[Exercise data — start]

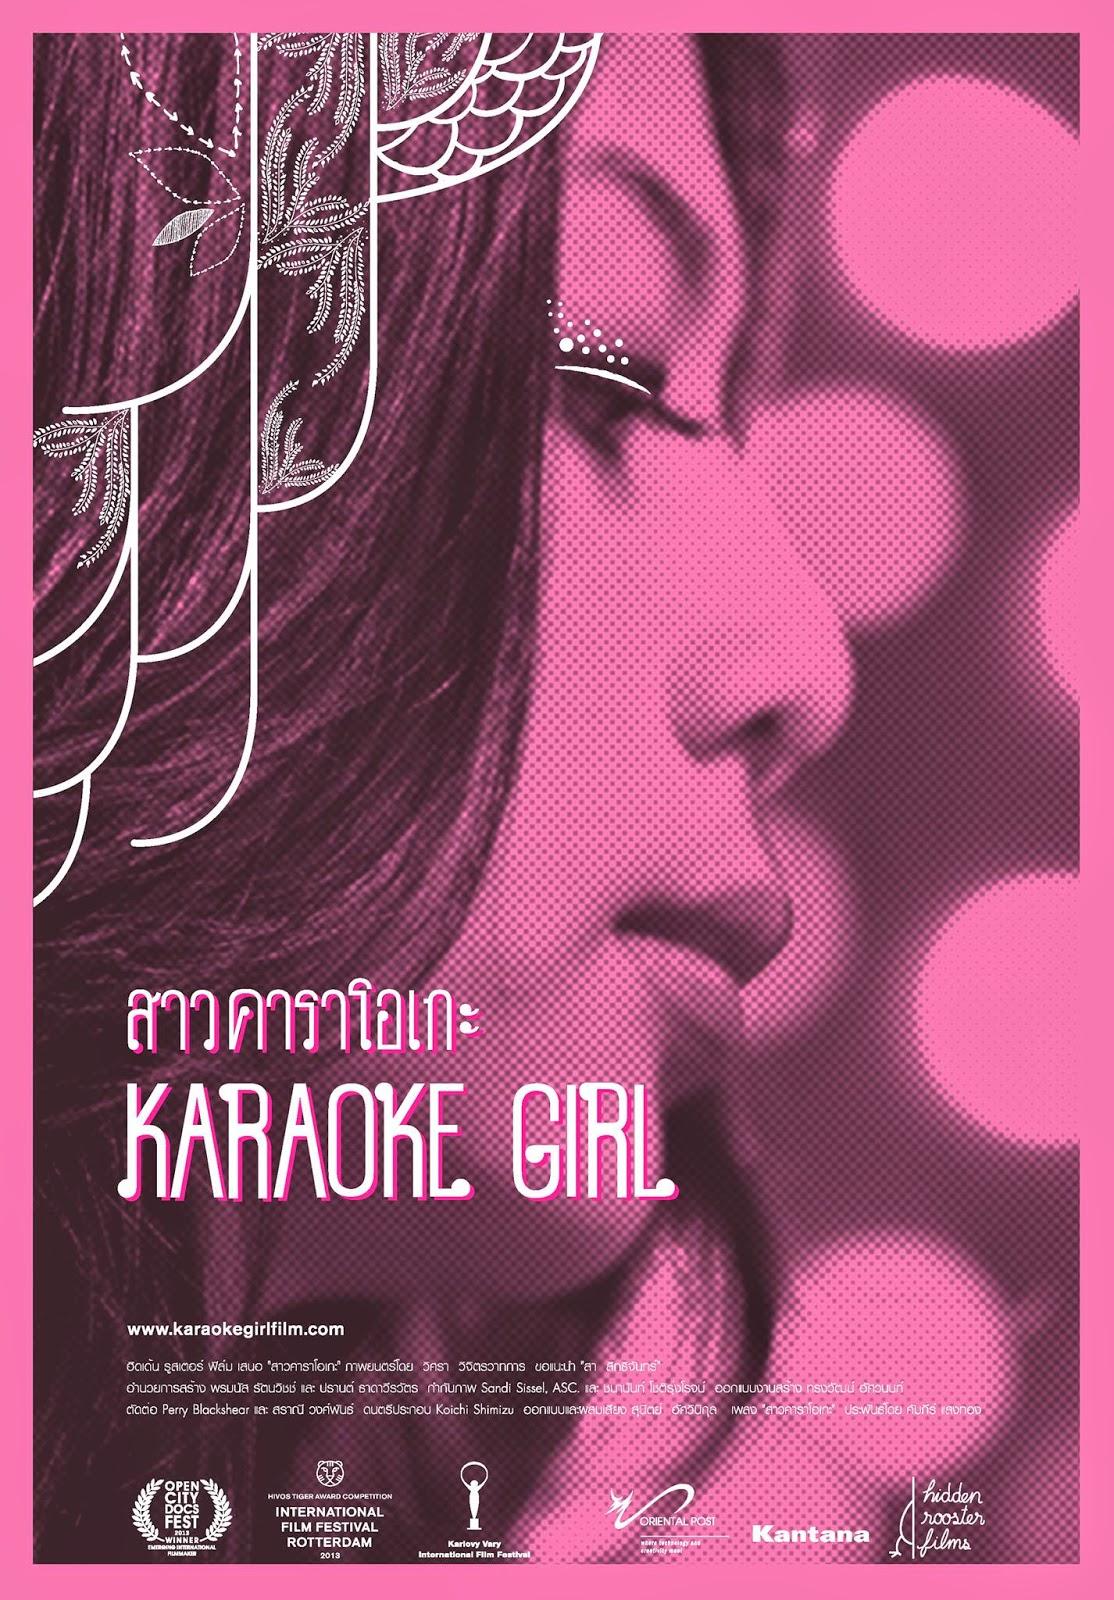 Karaoke Girl - Home   Facebook
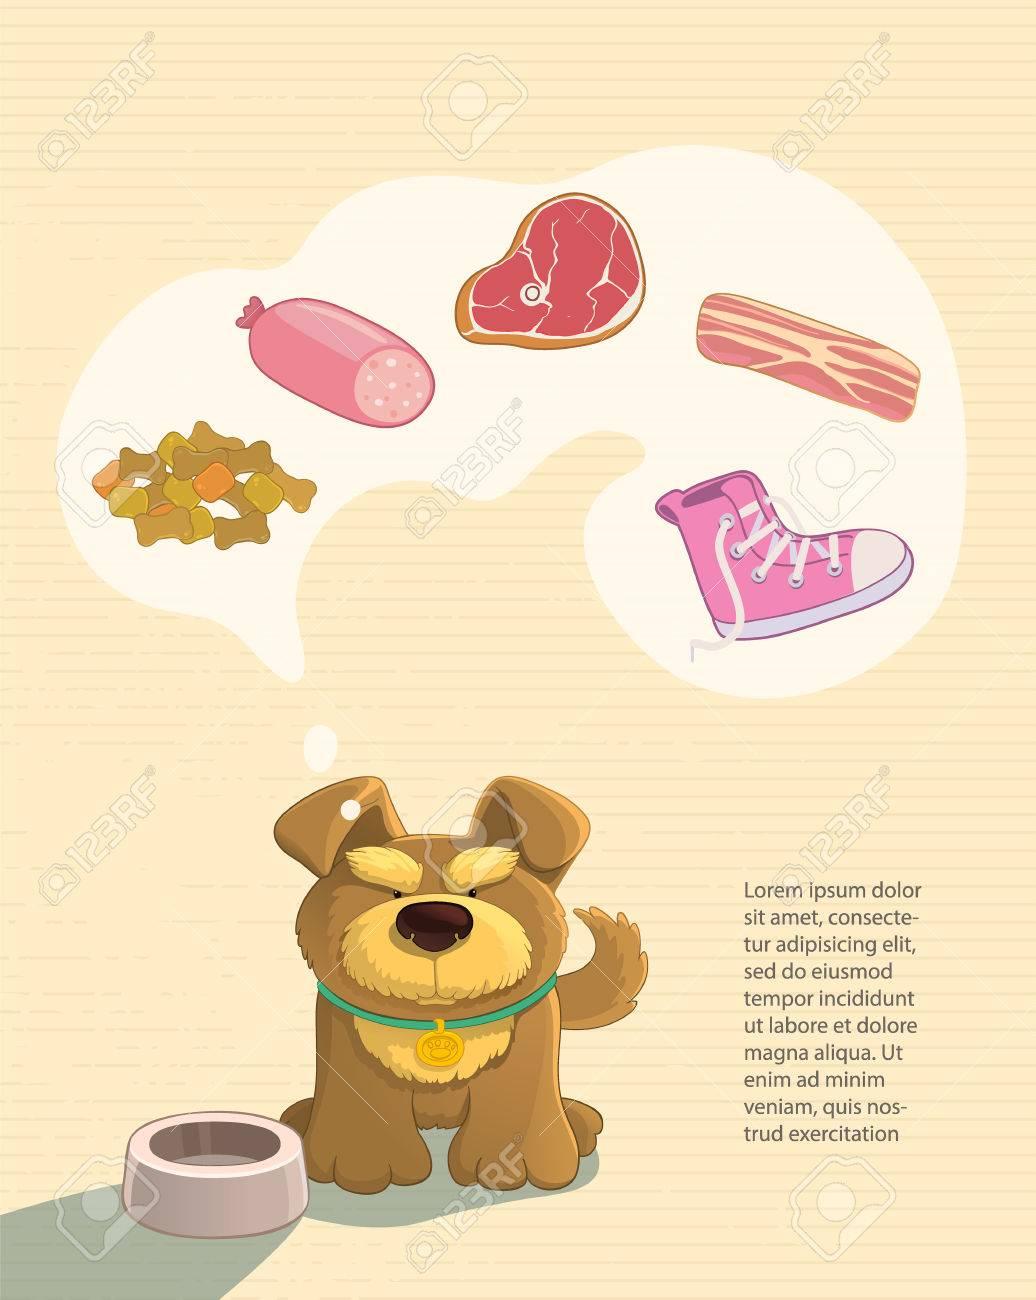 Uw huisdieren dromen. Leuke bruine doggy dromen over eten. Verbeeldt worst, spek, biefstuk, schoenen. Cartoon stijl.
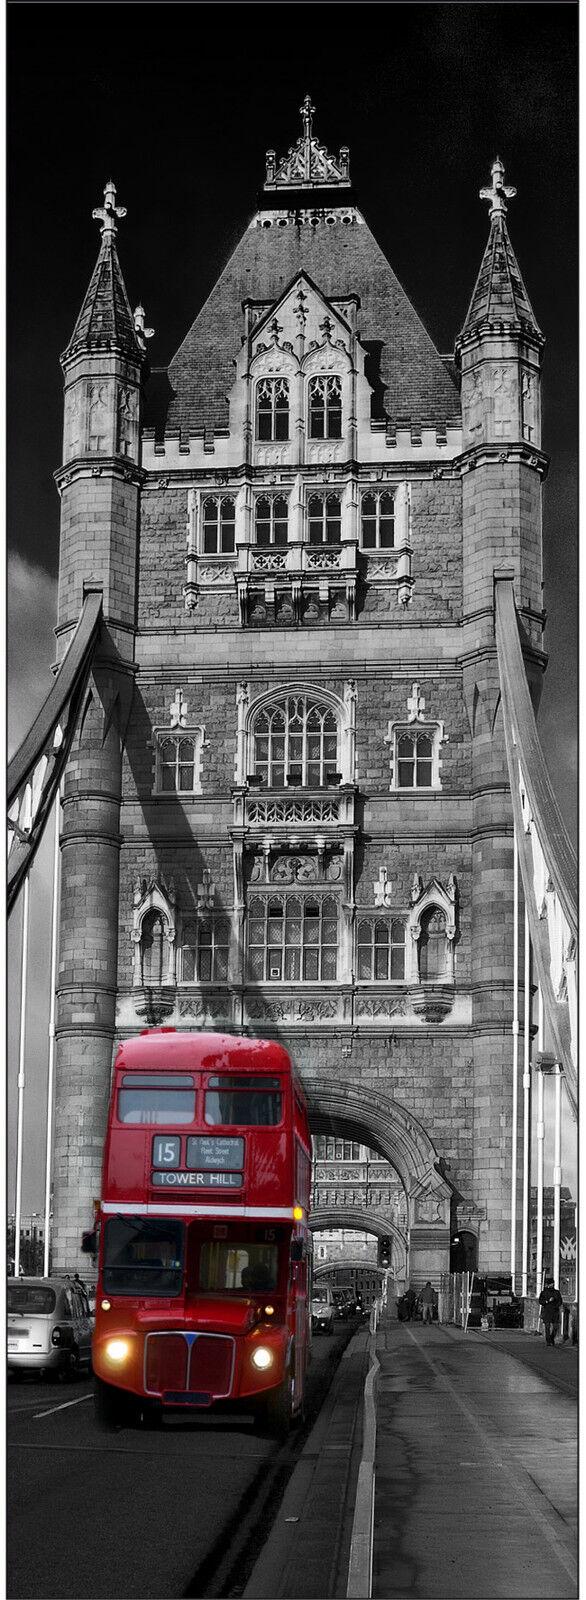 Adhesivo Puerta Decoración Trampantojo Londres Puente Autobús Ref 614 (4 Tallas

[Exercise data — finish]

Task to carry out: Return the material exactly as it reads, though without the pictures it holds.

Exercise answer:
 Karaoke Girl - Home   Facebook
 Uw huisdieren dromen. Leuke bruine doggy dromen over eten. Verbeeldt worst, spek, biefstuk, schoenen. Cartoon stijl.
 Adhesivo Puerta Decoración Trampantojo Londres Puente Autobús Ref 614 (4 Tallas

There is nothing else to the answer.